How did you find out ? What were the circumstances ? How long was the affair ? 

The answers to the above can shed light on whether she is truly sorry or just sorry she got caught.


----------



## happyman64 (Jan 12, 2012)

n'needofhope said:


> It has been 6 months since I caught my wife cheating, we meet with a Marrage Counseler but it still seems that any time I tell her how much I have been hurt by this she becomes angry and defensive. I just want to know has anyone ever really rebuilt a Marrage after a wife cheats on them?


NNOH

Tell us more about your background, the affair and where you think the two of you are as far as your marriage.

HM


----------



## wranglerman (May 12, 2013)

After the house has burned down you have to decide whether to stay and rebuild or to move out and move on.

Some of us stay and try to rebuild and are successful, some try but ultimately fail due to the truth not being known fully or the damage was just too severe to be recovered from.

Do you want to share your story so we can try to be a bit more help for you?

6 months is not so long, I still wonder whether it is worth keeping on everyday and I am 2yrs out.


----------



## workindad (May 7, 2011)

Your wife sounds selfish and unremorseful. 

Are you sure reconciliation is the best path for you?
_Posted via Mobile Device_


----------



## hopefulgirl (Feb 12, 2013)

http://www.lindajmacdonald.com/HOW_TO_HELP_11-06-10_FINAL_pdf-.pdf

This short easy to read book, How to Help Your Spouse Heal From Your Affair, is available at the link above for reading free online. But I ordered a hard copy and highlighted parts I especially wanted my husband to read and then gave it to him.

It really helps unfaithful spouses to "get it" because most of them really don't. We can't begin to heal until they truly get our pain and truly begin to empathize with us. I highly recommend it.


----------



## Thorburn (Nov 23, 2011)

Wideopn Dave has posted what I gave my wife in 2012. She read it then discarded it and did nothing. I found out she never ended the A. When my wife repented and came clean in April 2013 I gave this to her again. She read it, highlighted portions of it and keeps it in her Bible. She got it and understands it. In 2012 she could care less about me and I now see she was all about the XOM.

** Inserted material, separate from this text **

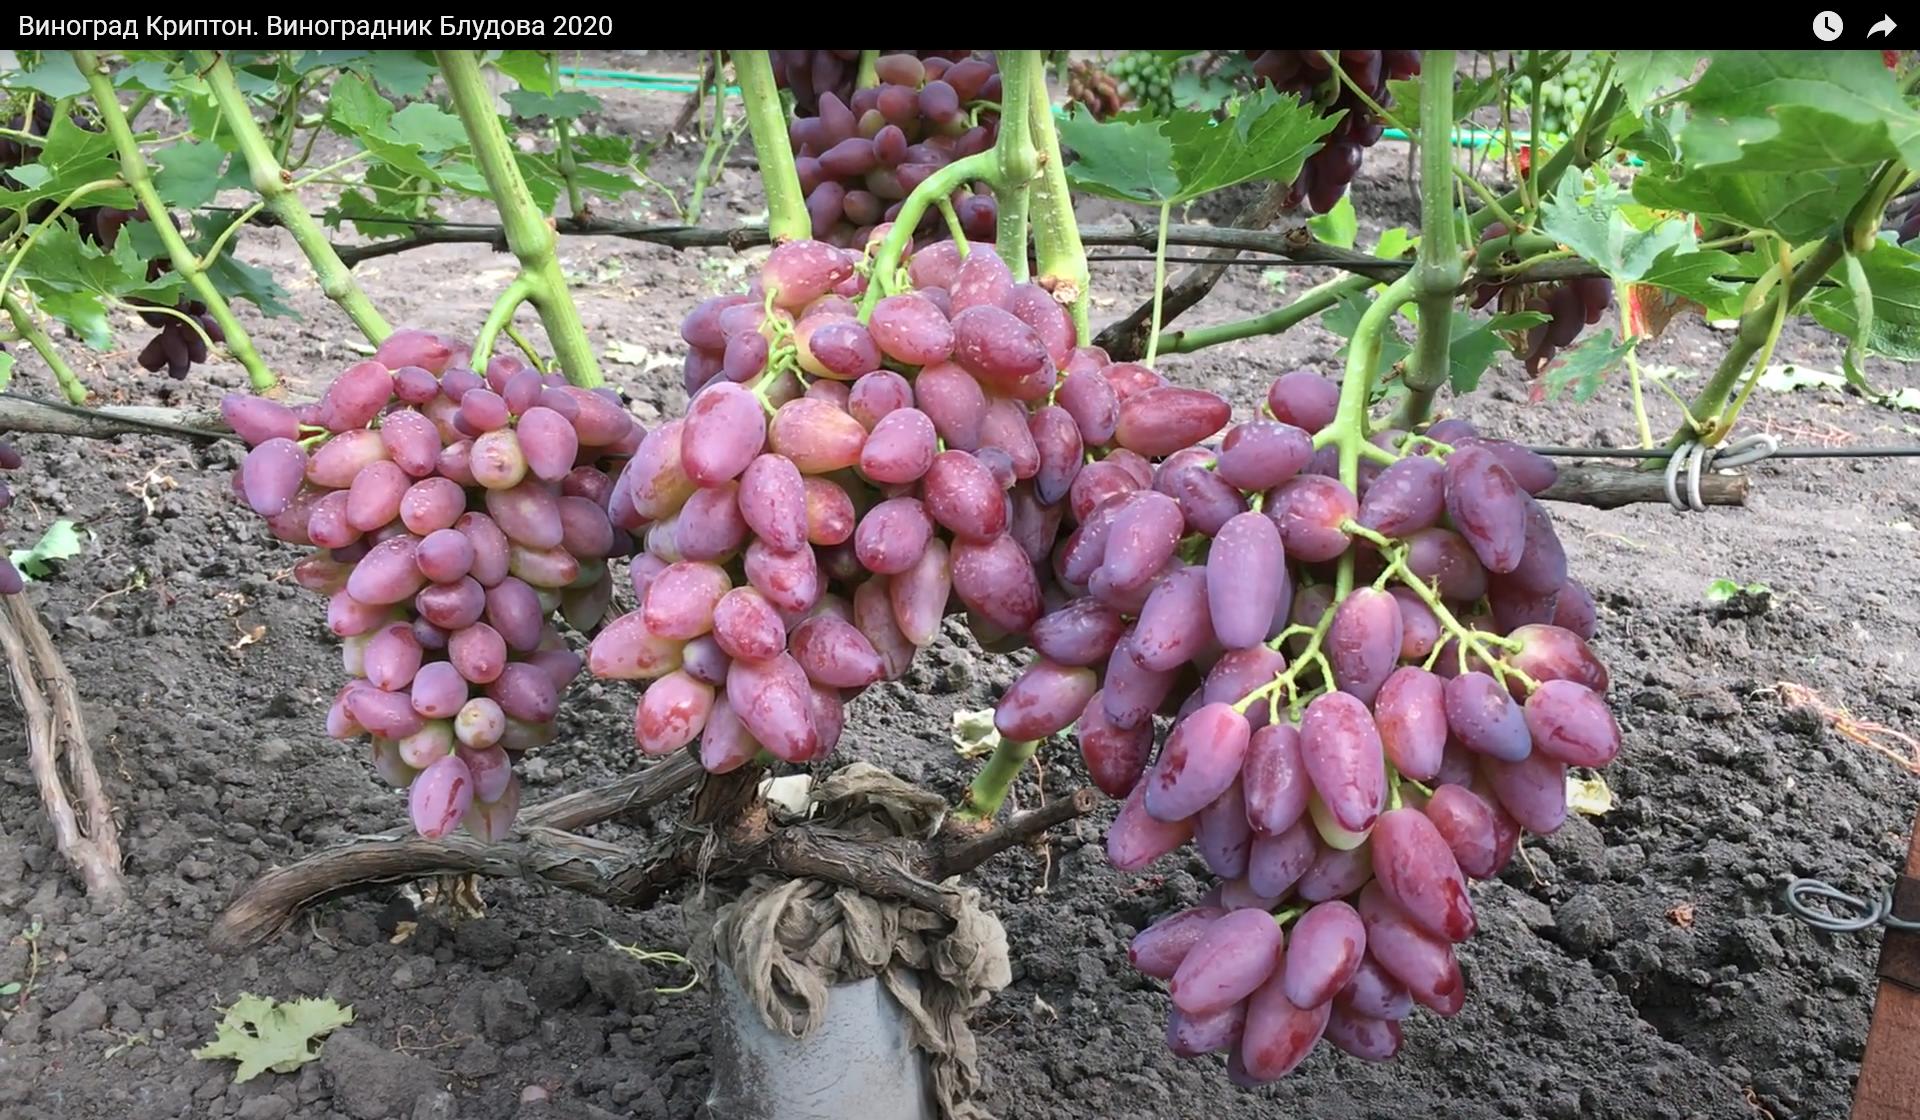 Виноград Криптон на участке Блудова, урожай 2020.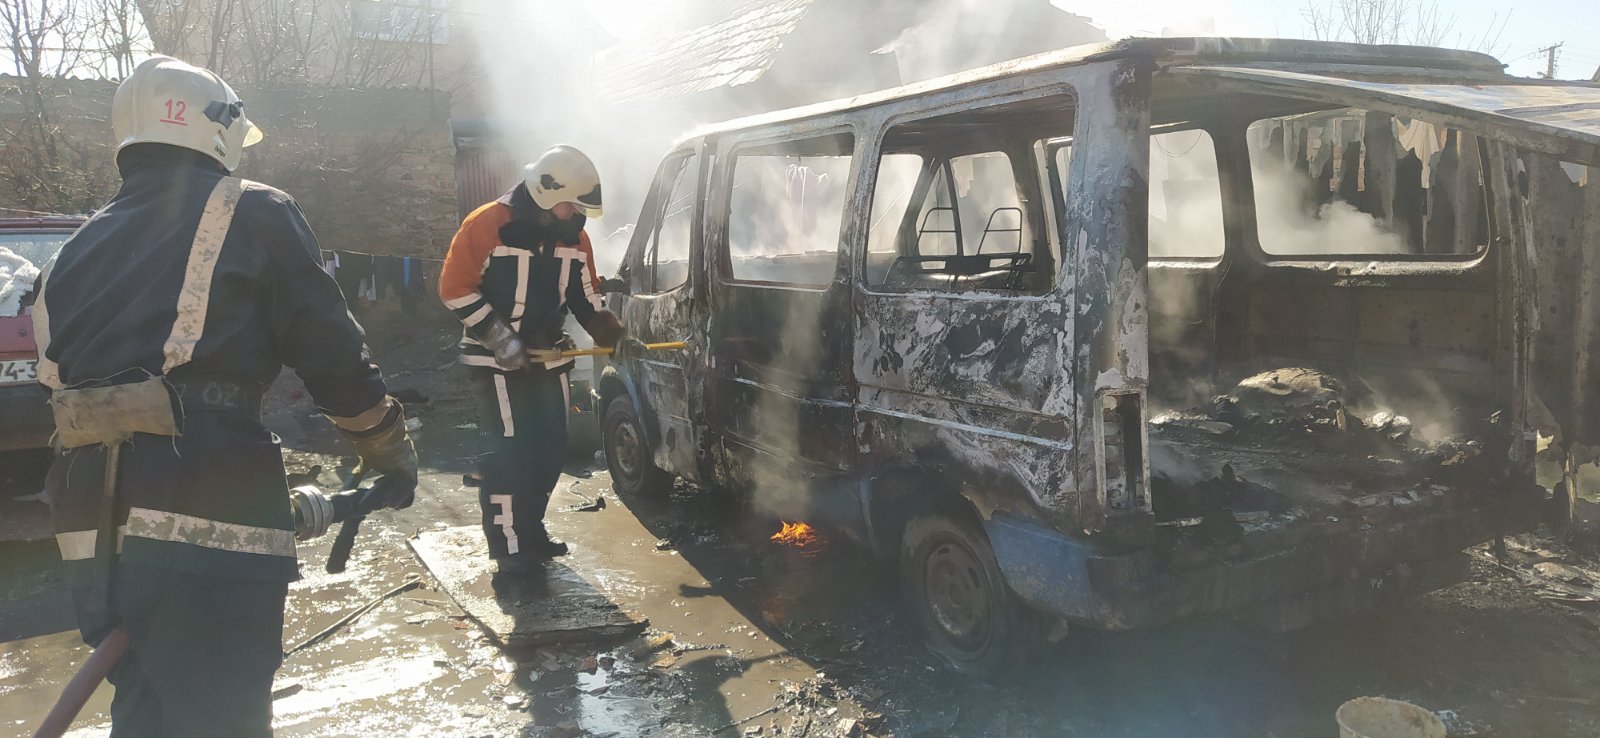 У Берегові, ймовірно через дитячі пустощі, згорів мікроавтобус (ФОТО)

1. Personally I would recommend ending MC. She is not ready for it and right now it seems all one sided. 
2. The anger and defensivness is a hugh sign that she is not remorseful and it is still all about her selfishness.
3. Start the 180.
4. Start distancing yourself from her. I suspect you look pathetic to her. Many of us have been where you are and have done the very same thing. In your case, like mine in 2012, it does not work.
5. You have to be willing to end this marriage in order to have any chance of saving it. And it may well end the marriage, but in just ths few sentences you have written she is not in the marriage and is not into you.
6. If you really want to see a change, then file for divorce and mean it.
7. I have been through false R, most folks on TAM saw it for what it was, and I kept on, and in hindsight I was pathetic. I am now in real R, but I had started the paperwork for D and I meant it and then my wife repented and came clean.
8. R is not for the feint of heart. It takes courage and wisdom to navigate it. To some you will look like a fool if you attempt R after what your wife has done to you. But the decision to R or D is in your hands. Right now you are not in R. YOU ARE NOT IN R. Your wife is selfish and by her emotional state of anger and defensiveness she is telling you to "F" off. When you file for D you get to tell her by your actions to "F" off.


----------



## badmemory (Jul 31, 2012)

happyman64 said:


> NNOH
> 
> Tell us more about your background, the affair and where you think the two of you are as far as your marriage.
> 
> HM


Yes, please give us the details so that we can advise you better. The more you tell us, the better that advice will be.

Also, you will likely find writing out your story to be cathartic.


----------



## Hardtohandle (Jan 10, 2013)

Let her seek out counseling.. Let her do some heavy lifting.. 

If she wants counseling let her make the appointments.. 

Otherwise its like forcing them to go through the motions.. 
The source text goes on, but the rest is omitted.